- Pinch hitter
- Born: November 1, 1891 Orleans, Vermont, U.S.
- Died: January 29, 1972 (aged 80) Lake Worth, Florida, U.S.
- Batted: RightThrew: Right

MLB debut
- October 5, 1916, for the New York Giants

Last MLB appearance
- October 5, 1916, for the New York Giants

MLB statistics
- Batting average: .000
- Home runs: 0
- Runs batted in: 0
- Stats at Baseball Reference

Teams
- New York Giants (1916);

= Heinie Stafford =

American baseball player (1891-1972)

Henry Alexander "Heinie" Stafford (November 1, 1891 – January 29, 1972) was an American Major League Baseball player who played a single game for the New York Giants in .

==Tufts University (1912–1916)==
Born in Orleans, Vermont, Stafford played in the hotel leagues with Oneonta in 1911 and Saranac Lake in 1912. In 1912, Stafford received a scholarship from Tufts University where he was chosen as the senior class president. Stafford was a star sprinter and captain of the school's baseball team. In 1916, the Tufts baseball team went 18–1 but lost to Harvard for the college championship of the East. An article in the Boston Herald said the following of Stafford: "He has well earned the right to be called the fastest base runner in college baseball, as his record of 22 stolen bases shows. His work at second base is no less notable, for he has taken everything that has come his way, and out of 83 chances he has made five slipups." Stafford ended up batting .404 and leading the nation with 30 runs scored and 24 stolen bases.

==New York Giants (1916)==
Stafford graduated from Tufts in June 1916 and signed a contract with the New York Giants. After a short stint in the minors, where he played as a left fielder and shortstop, the Giants called Stafford up to the big leagues at the end of the 1916 season. Stafford sat on the bench for the Giants until October 5 – the last day of the season. With two outs in the top of the ninth inning, the Giants trailing by two runs, and the bases empty, the rookie from Vermont was sent in as a pinch hitter for the Giants' pitcher. Stafford hit into a game- and season-ending out for the Giants, as the Brooklyn Dodgers won the pennant.
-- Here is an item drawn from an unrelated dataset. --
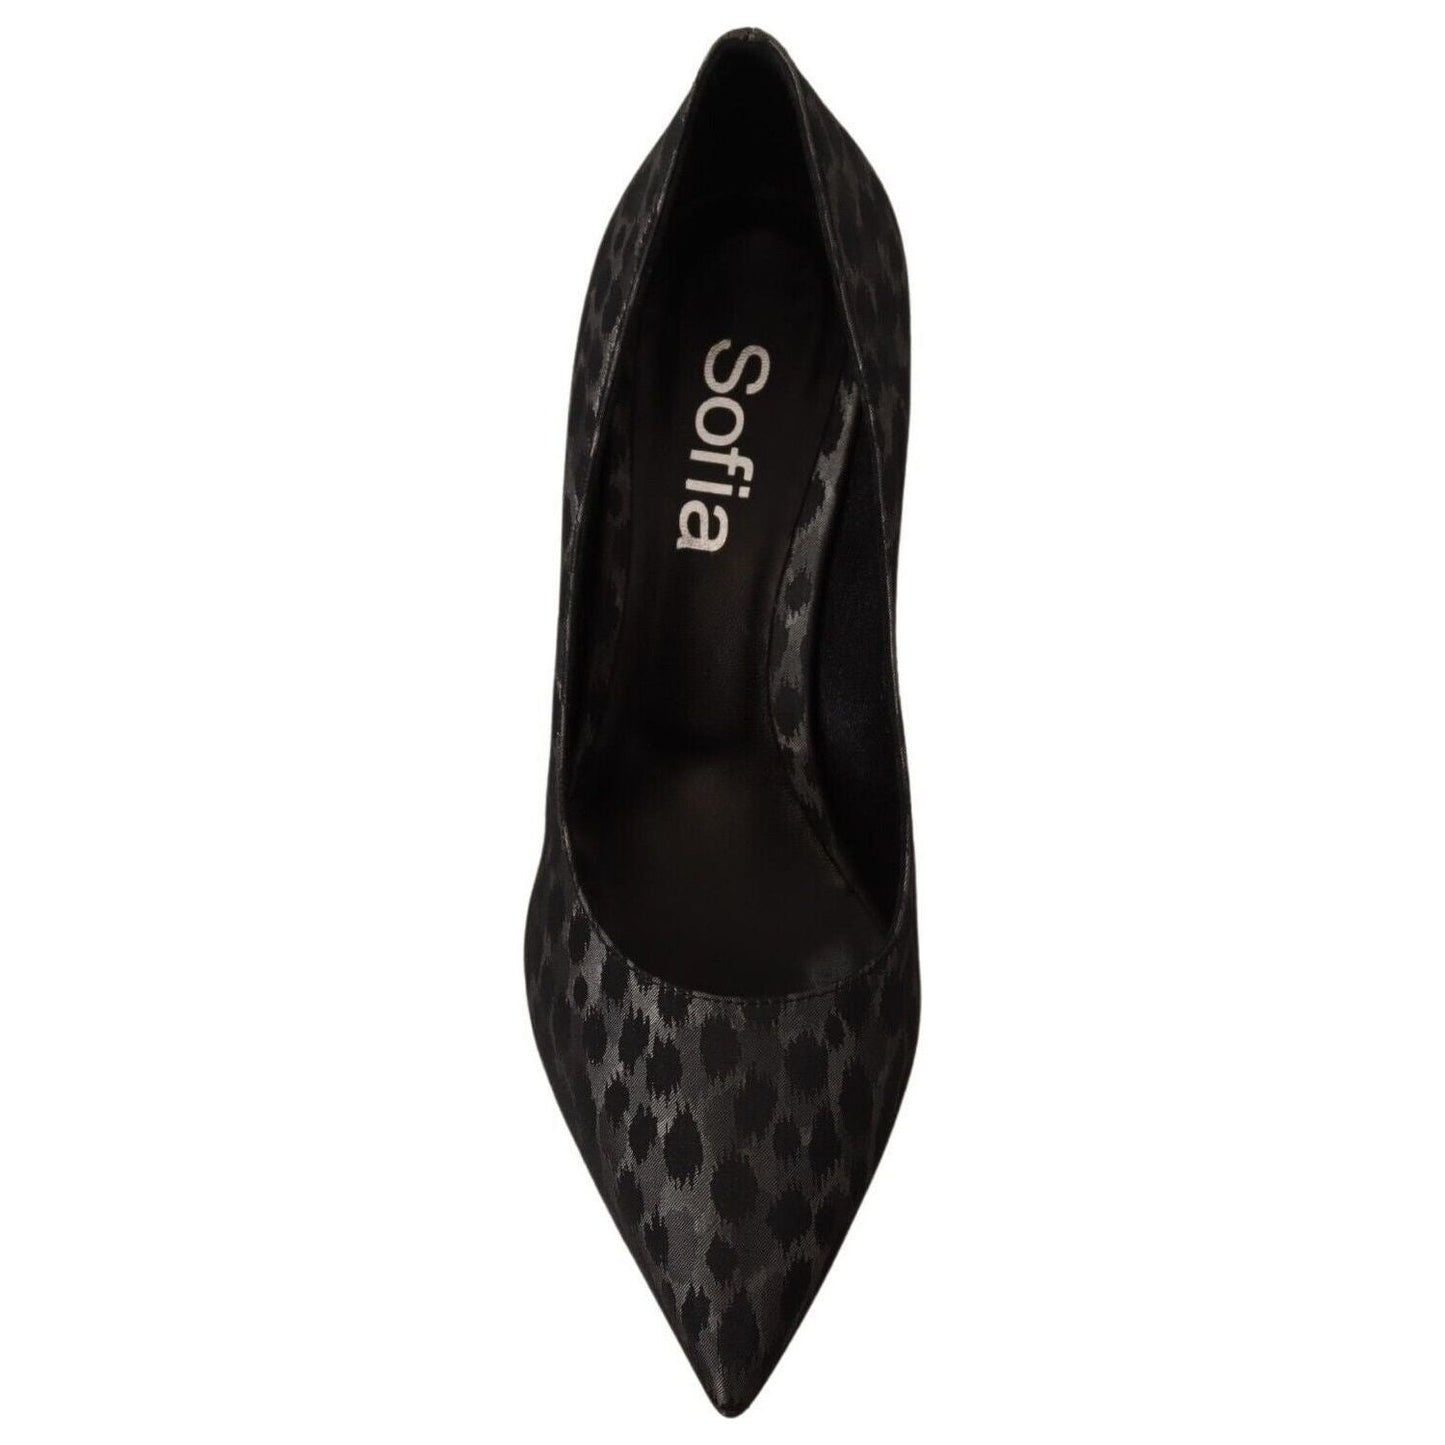 Sofia Elegant Black Leopard Print Leather Heels WOMAN PUMPS black-leopard-leather-stiletto-high-heels-pumps-shoes
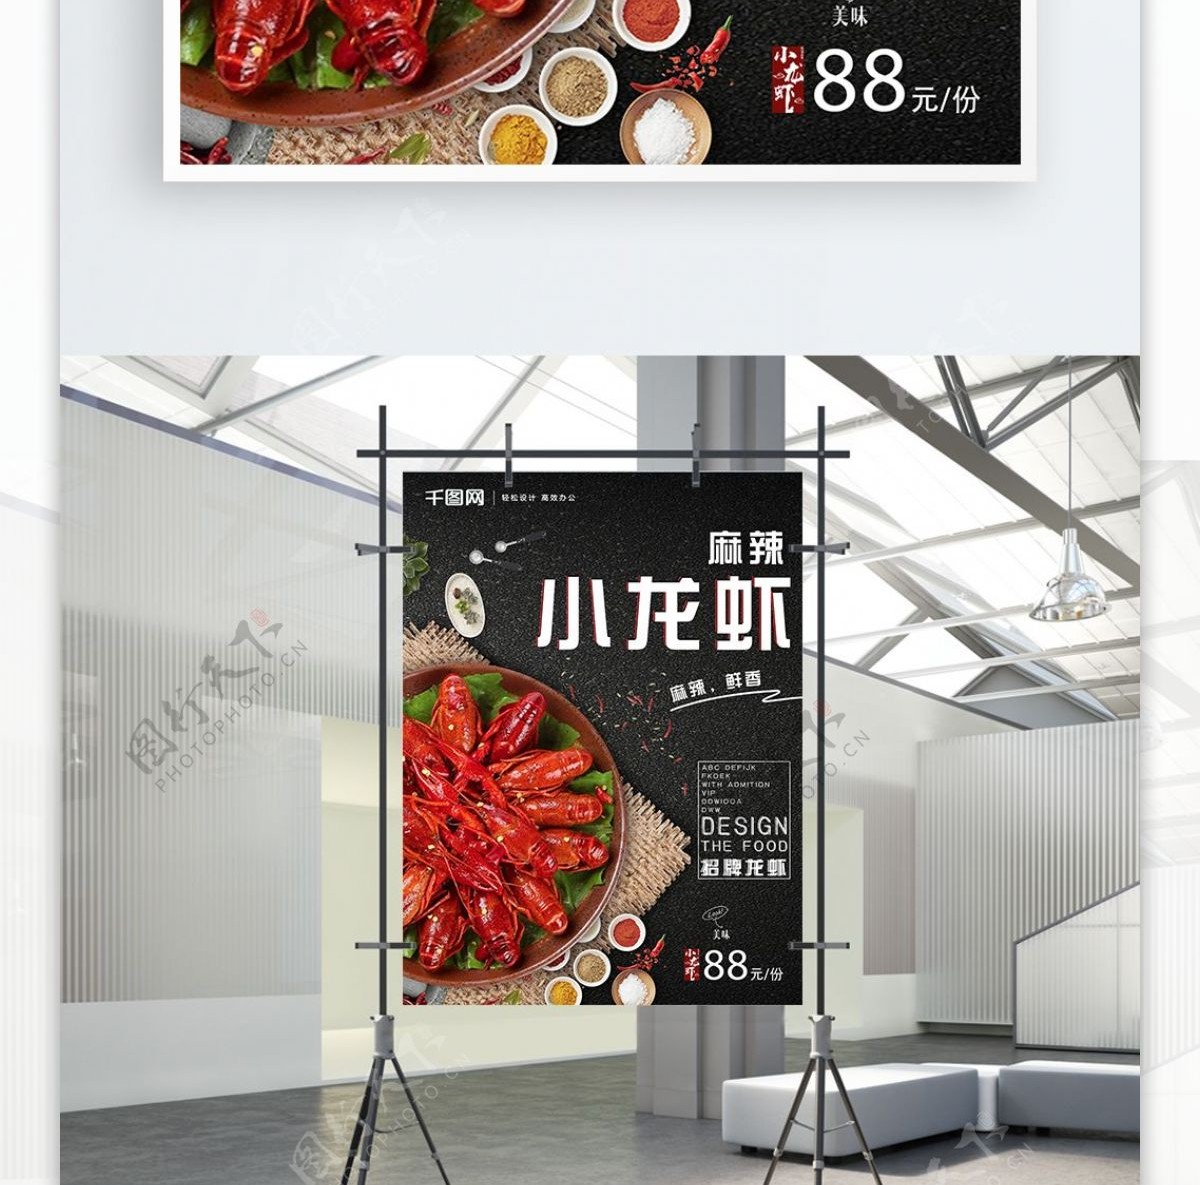 夏季麻辣小龙虾活动促销海报

==Personal plea from John McGraw==
His pinch-hit out on the last day of the 1916 season turned out to be his only major league at bat. Stafford was offered a job as a research chemist with a textile company and opted for business rather than baseball. In February 1917, Giants manager John McGraw tried to persuade Stafford to give baseball another try. Stafford saved a letter McGraw sent offering "to take you south with me and give you a thorough spring schooling in base ball." McGraw opined that there was "enough promise to you to make me positive that it is worth your while" and cautioned Stafford against "wasting a first class opportunity." Despite McGraw's personal plea, Stafford decided to pursue his work in the textile business.

Stafford returned to baseball briefly during World War I, playing in the industrial leagues where his wartime teammates included Chief Bender and Home Run Baker.

==Life after baseball==
After the war, Stafford returned to work in the textile business, working on the development of nylon. He retired from the textile business in 1941 and bought a 340 acre Vermont dairy farm with a house built in 1832. He gave up farming in the 1950s and went into the real estate business and was later elected to the Vermont General Assembly from Bethel, Vermont. Stafford died at age 80 in 1972 while spending the winter in Lake Worth, Florida.

==Nickname "Heinie"==

"Heinie" was a popular nickname for German baseball players in the early part of the 20th century. Stafford was one of 22 major league Heinies in the first half of the century. Others include: Heinie Beckendorf (1909–1910); Heinie Berger (1907–1910); Heinie Groh (1912–1927); Heinie Manush (1923–1939) (the only Hall of Fame "Heinie"); Heinie Meine (1922–1934); Heinie Mueller (1920–1935); Heinie Mueller (1938–1941); Heinie Peitz (1892–1913); Heinie Reitz (1893–1899); Heinie Sand (1923–1928); Heinie Schuble (1927–1936); Heinie Smith (1897–1903); Heinie Wagner (1902–1918); and Heinie Zimmerman (1907–1919). No player since World War II has been identified by the nickname Heinie.